Все верно! Но вот у Шекспира в “Ромео и Джульетте” герои говорят, говорят, говорят о своей любви. И не испытывают при этом никакого неудобства. Потому что у искусства свои законы. В искусстве человек может выразить себя до конца, выплеснуться, разорвать оковы “здравого смысла”, выпрыгнуть из себя самого, как пытался выпрыгнуть из собственных ребер Маяковский в “Облаке в штанах”: “Мама! Ваш сын прекрасно болен! Мама! У него пожар сердца”. В этом тоже шекспировская страсть и безмерность.
Фильм для режиссера — все равно, что пригрезившаяся мечта. Ее хочется поймать, удержать в руках, заставить перейти из мира грез в явь, на полотно экрана. И весь процесс работы над картиной — это погоня за “синей птицей”, за ускользающим видением на мгновенье открывшегося чудесного мира. Не каждому, даже талантливому режиссеру удается ухватить эту птицу за хвост.
Ощущением от сценария Григорьева было открытие. Как будто человек умылся, стер с себя прах повседневности и, посмотрев на окружающий мир чистыми глазами, увидел его новым, свежим и ярким. И даже в том мире, который был в последней новелле, в мире без любви, за монотонностью изложения чувствовалось биение сдерживаемой страсти. Каким же путем возможно было перенести в фильм и эту свежесть открытия и эту глубину страсти? Этого никто не знал. И я, естественно, тоже.
Ключ к миру “Романса о влюбленных” дали мне слова Пастернака о Скрябине. Кстати, именно Скрябину литературная Россия обязана рождением поэта Пастернака. В юности Пастернак увлечен был музыкой, пытался сам сочинять и первые свои опыты показал Скрябину. Тот посмотрел ноты и сказал: “Молодой человек, вы не талантливы”. Пастернак поверил его словам и навсегда ушел в литературу.
А скрябинскую музыку Пастернак обожал. Он писал, что в ней “трагическая сила сочиняемого торжественно показывала язык всему одряхлело признанному и величественно тупому и была смела до сумасшествия, до мальчишества шаловлива, стихийная и свободная, как падший ангел”. В этой музыке его поражал язык, до безумия новый, свежий, “как нов был жизнью и свежестью дышавший лес”. Эта музыка “рушилась и обваливалась, как город под артиллерийским огнем, и вся строилась и росла из обломков и разрушений”.

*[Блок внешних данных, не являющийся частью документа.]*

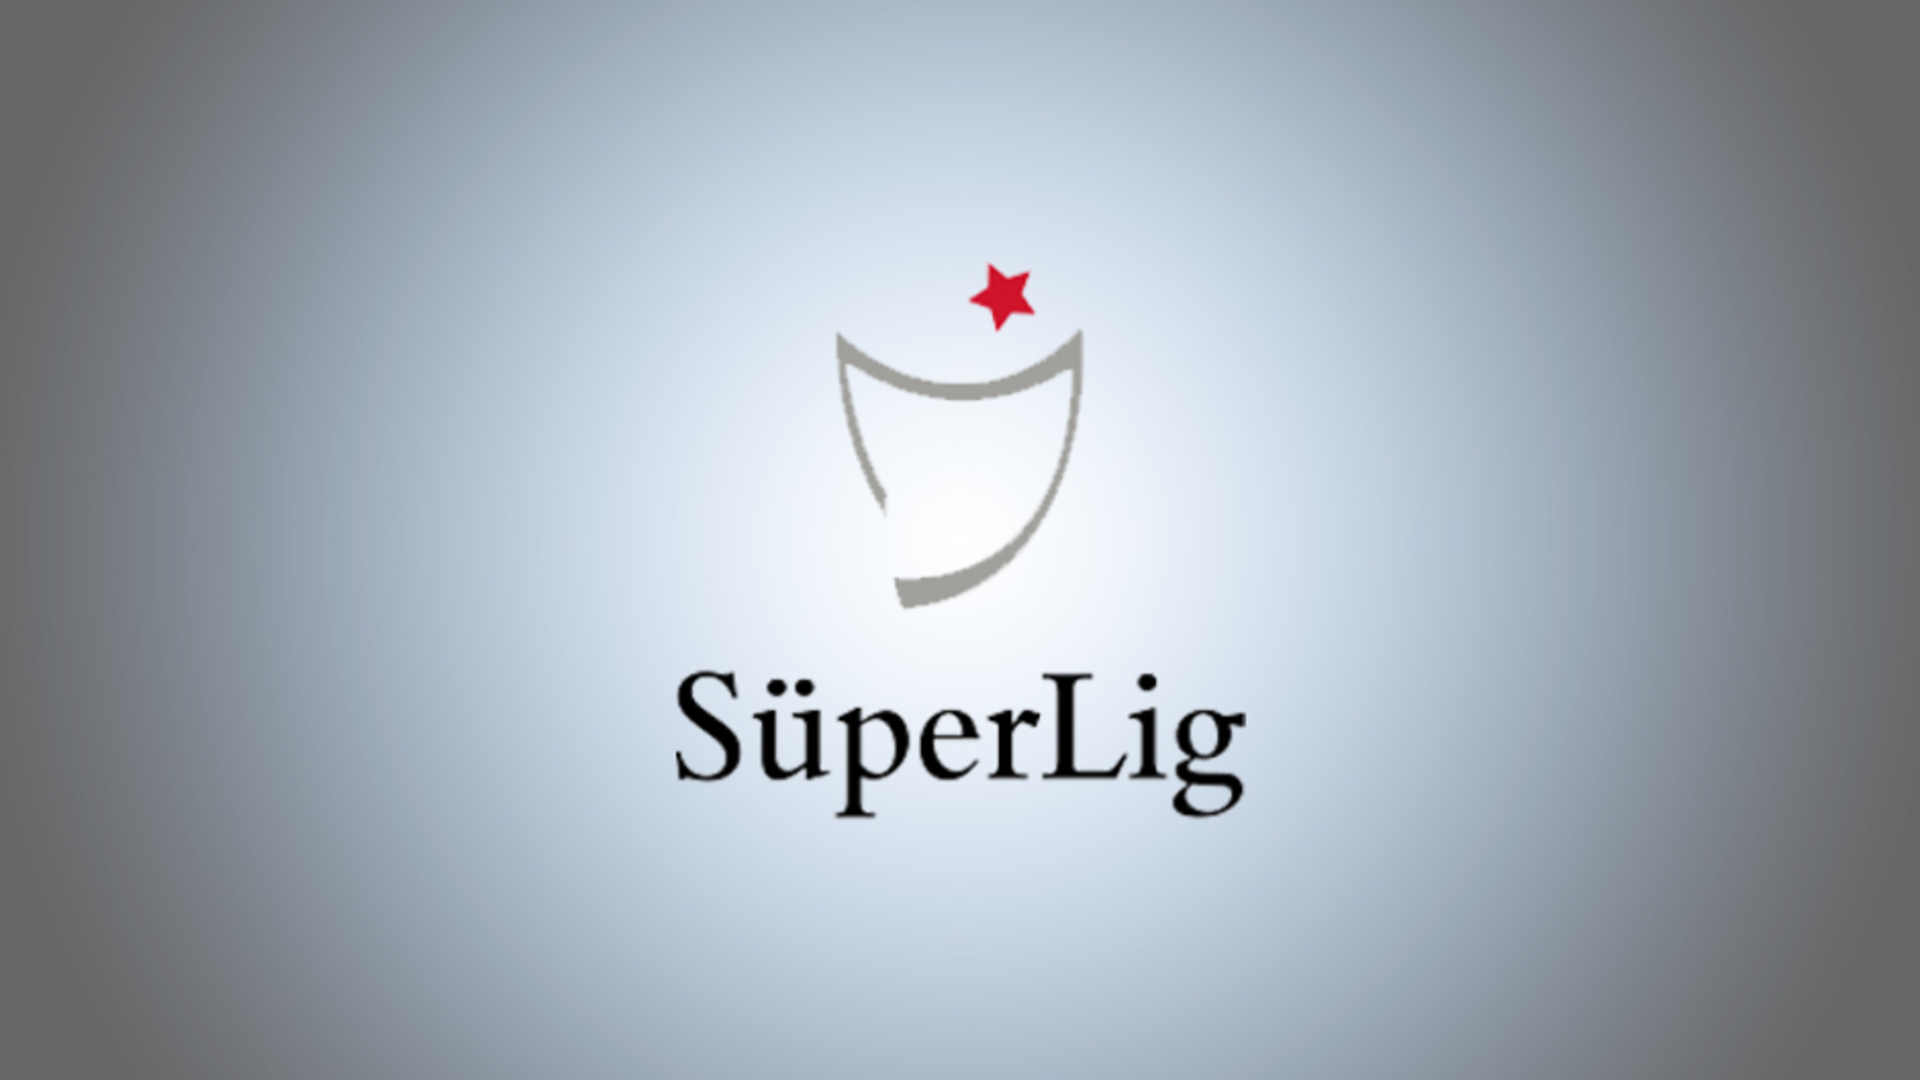 Spor toto süper lig. Super Lig. Lig. Чемпионат Турции по футболу логотип. Spor Toto super Lig logo.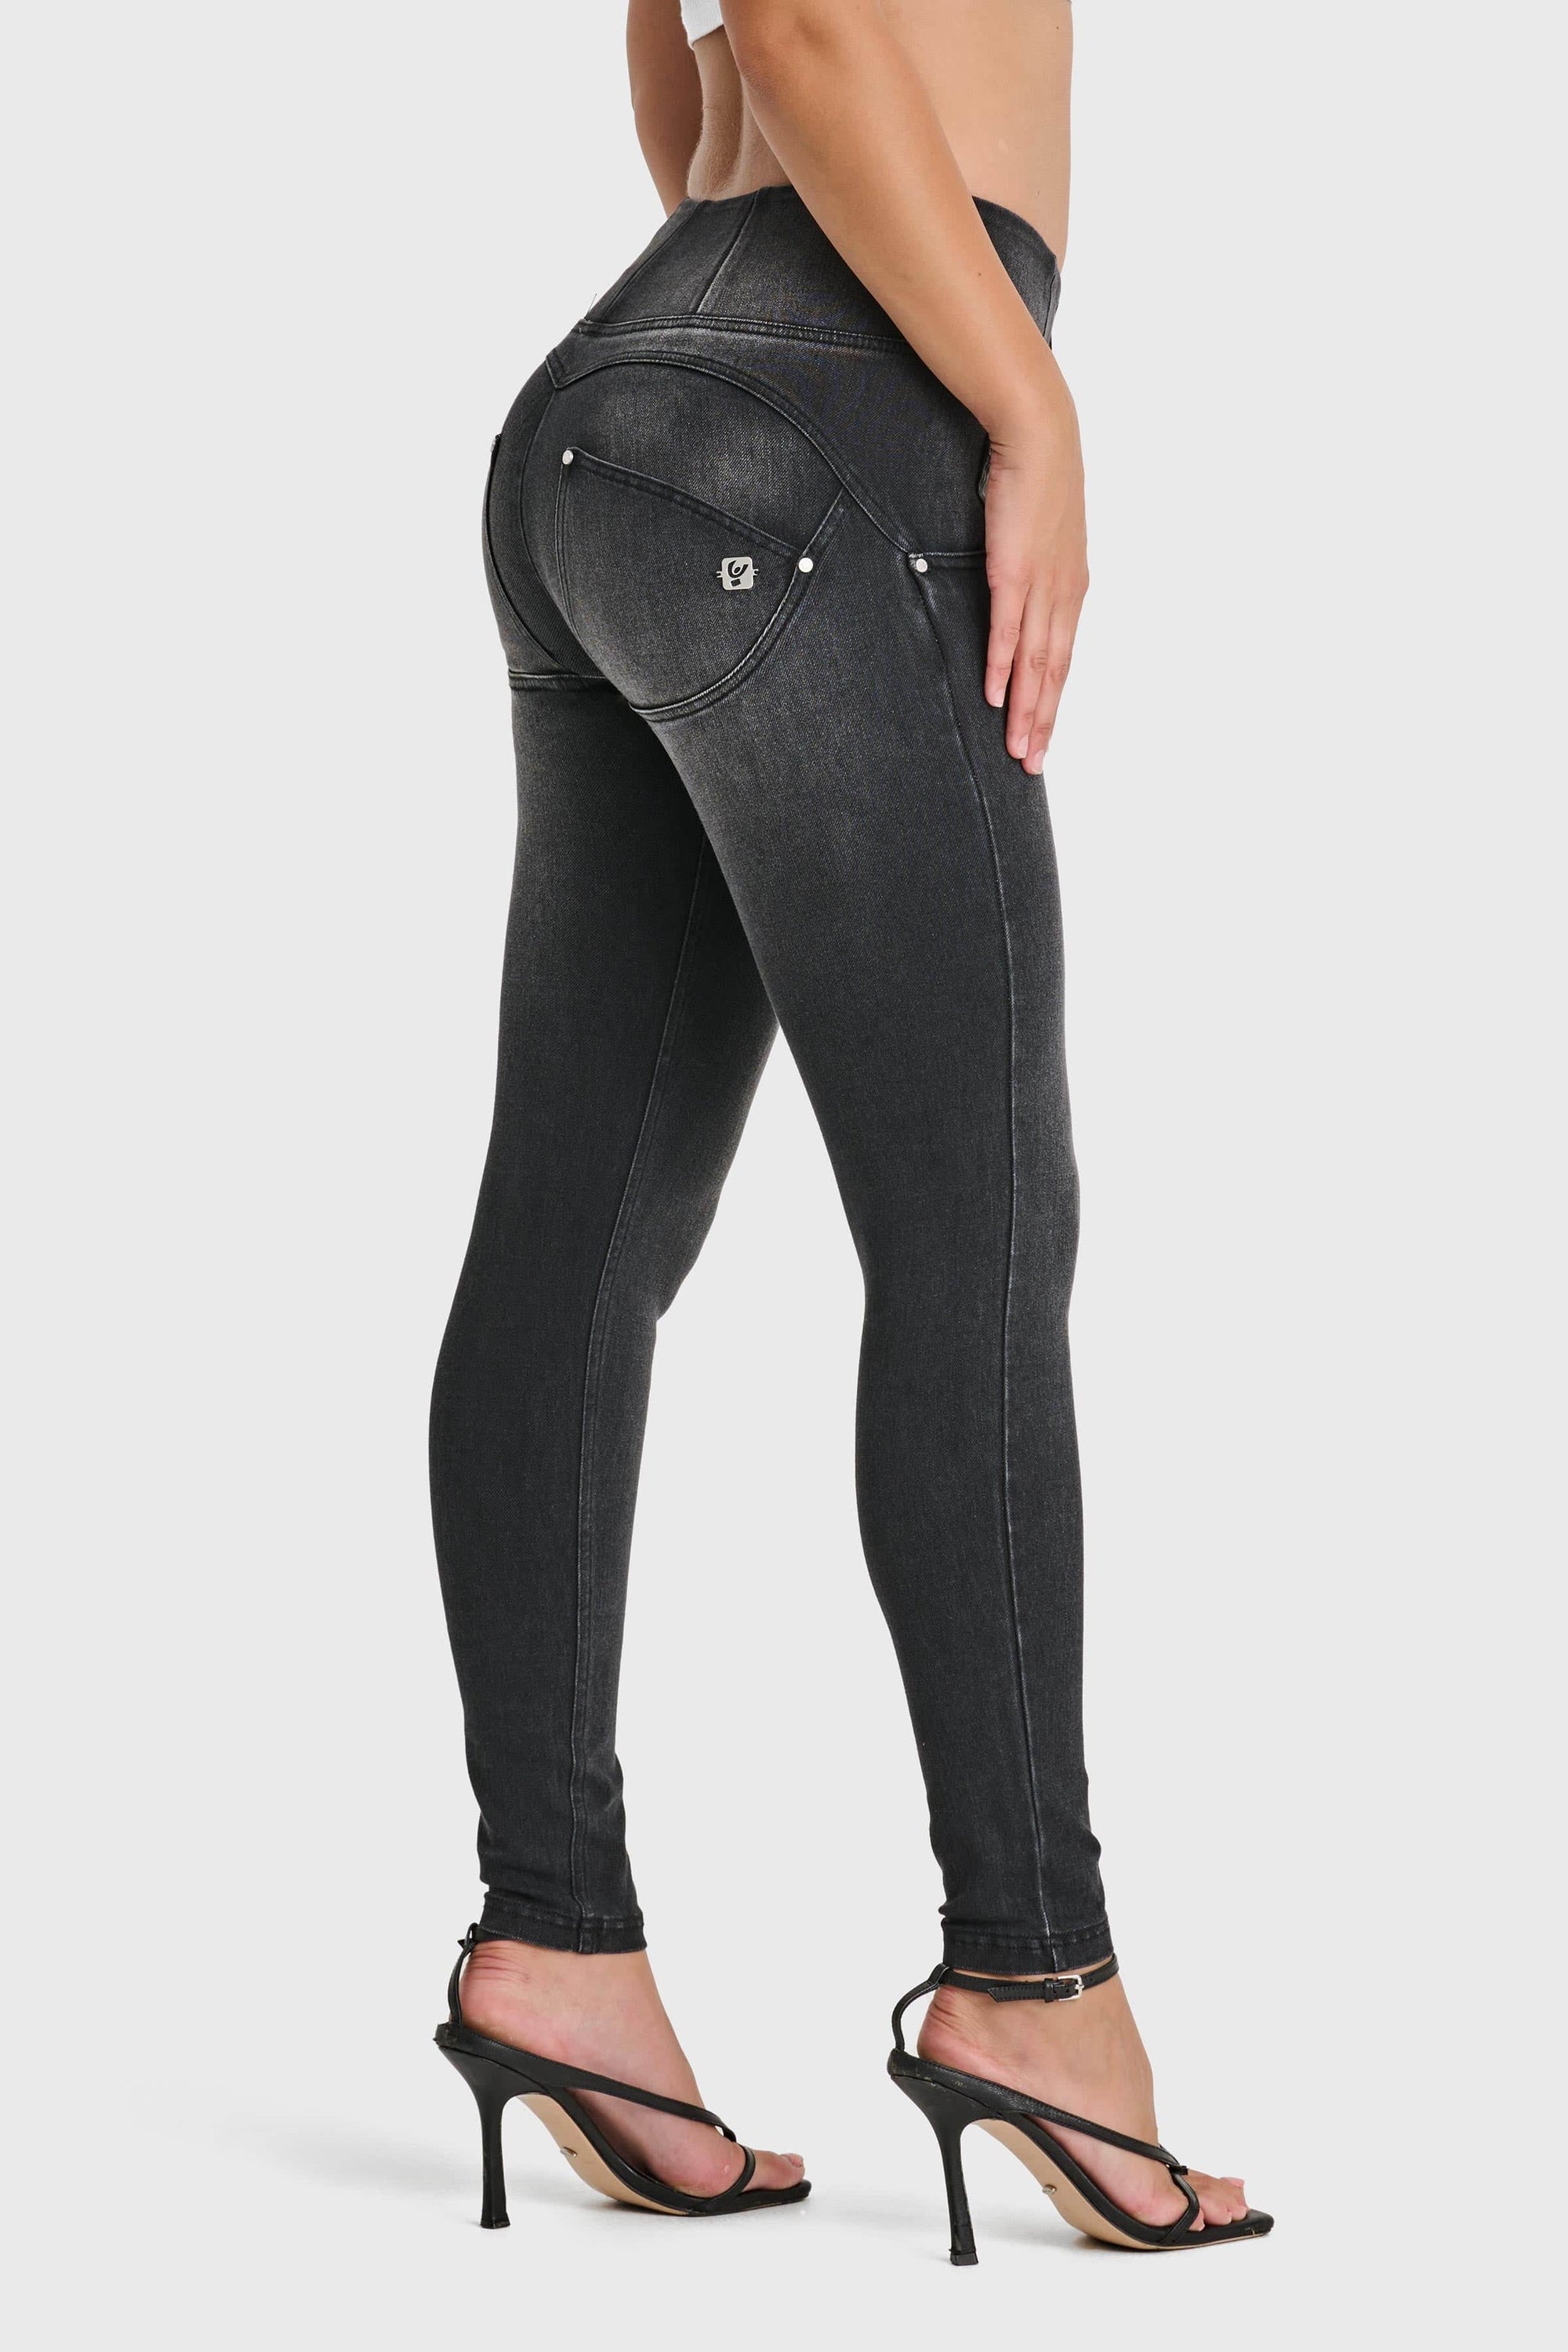 WR.UP® Snug Jeans - High Waisted - Full Length - Black + Black Stitching 2

И мне вдруг поверилось, что вот таким вот языком можно выразить мир Григорьева — обвалом чувства, экстазом, нагромождением образов, бессвязным лепетом счастья. Когда бессвязность возникает от эмоциональности, она воздействует фантастически. Самая простая история становится безмерно волнующей. Скажем, девочка прибежала из школы. Получила пятерку по рисованию. Не бог весть какое событие. А она полна восторга. И все, что пытается Рассказать, для всех слушающих лишено связи и смысла. Воздействует на них сам захлебывающийся язык рассказа, переполненность счастьем, вырастающая из обрывков слов.
В кино уже были прекрасные опыты такого экстатического повествования-лепета — у Бунюэля в “Андалузской собаке” и в “Золотом веке”, у Калатозова в “Журавлях”. Весь предсмертный бред Бориса, призрачное свадебное шествие, возникающее из кружения берез, Вероника с фатой, теснящие друг друга двойные и тройные экспозиции, счастливая лучезарность несбыточного — блестящий пример такой бессвязности, нагромождения, возникающих из музыки и рушащихся обломков-образов.
По ходу работы над фильмом я веду своего рода рабочие дневники, куда записываю все, что может пригодиться,— цитаты из книг, из высказываний других режиссеров, случайные наблюдения, свои размышления. Вот одна из первых записей оттуда по поводу языка фильма: “Может быть, создать фантастическое, нереальное, насыщенное движением, двойными экспозициями, наплывами, засветками — обвал с небольшими четкими паузами. Импрессия счастья. До безумия. Язык заплетающийся, захлебывающийся. И тогда — свободно импровизированные поступки, сценки, свободное поведение, лишенные заданности мизансцены”.
Причем если у Калатозова этот эмоциональный, построенный на взрыве образности кусок очень короток и изображает не явь, а ускользающее видение умирающего, то я хотел с помощью двойных экспозиций рассказывать целые куски сюжета, большие куски — чуть ли не полкартины собирался подобным образом строить. Была у меня эта безумная мысль. Мне кажется, что иногда лучше доводить принцип до логического конца, даже до абсурда, но таким путем ярче выявляются его возможности.